§ **WHAT IS REQUIRED**
The whole listing that follows is to be restated word for word, images excluded.

§ **PROVIDED MATERIAL**
--------------------------------------------------

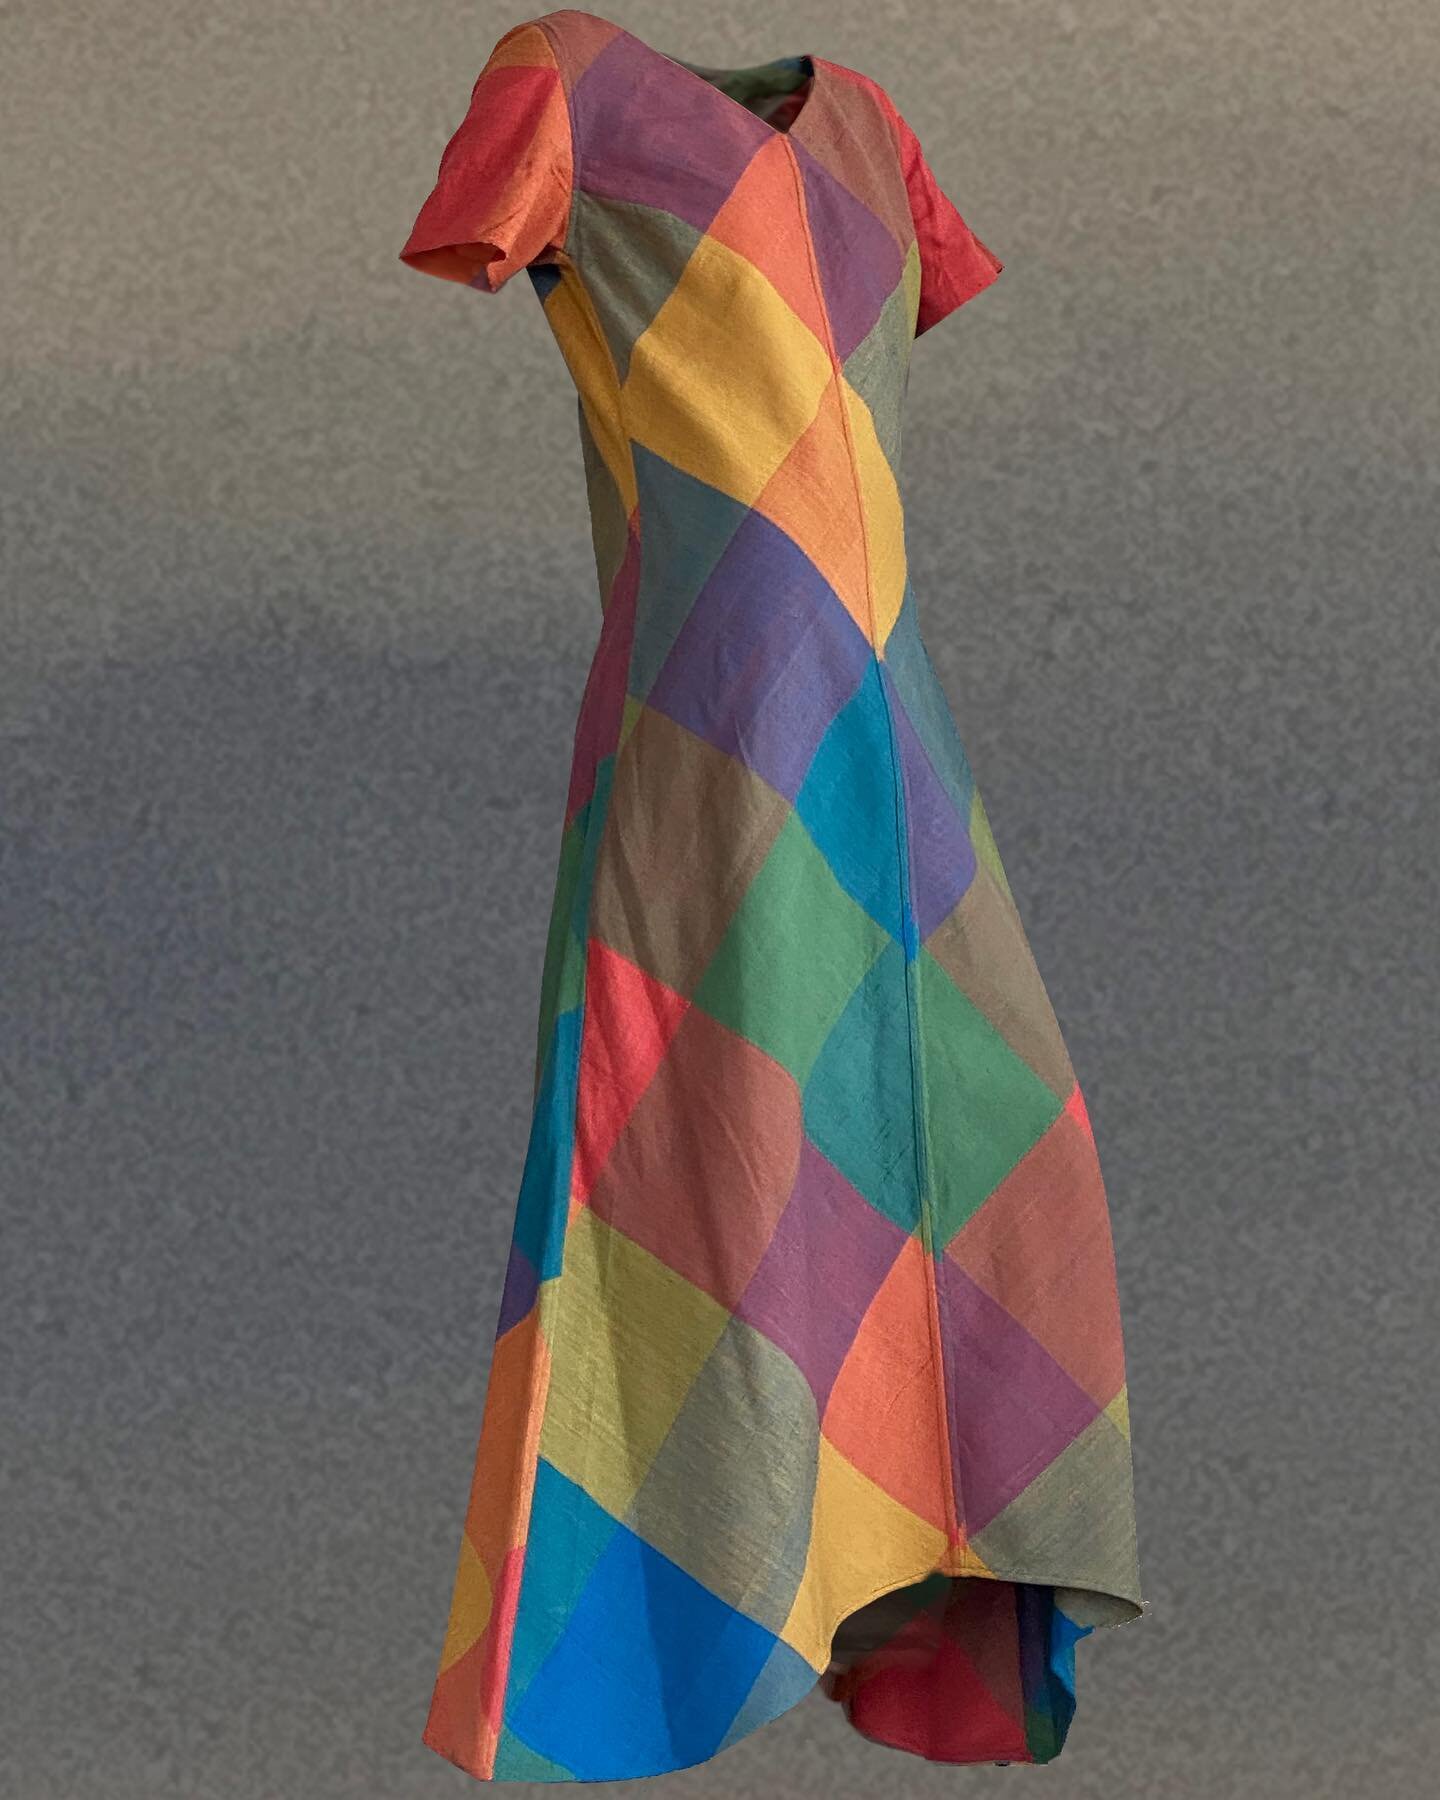 The Lizard Dress in Sunset Windows
Available @thecanvasnyc @oculusnyc or on our website, made to measure for you at Xoomba.com

Why is it called the lizard dress? 
The first lizard dress really did have a lizard look with copper and orange stripes. T

--------------------------------------------------

§ **PROBLEM SOLUTION**
 The Lizard Dress in Sunset Windows
Available @thecanvasnyc @oculusnyc or on our website, made to measure for you at Xoomba.com

Why is it called the lizard dress? 
The first lizard dress really did have a lizard look with copper and orange stripes. T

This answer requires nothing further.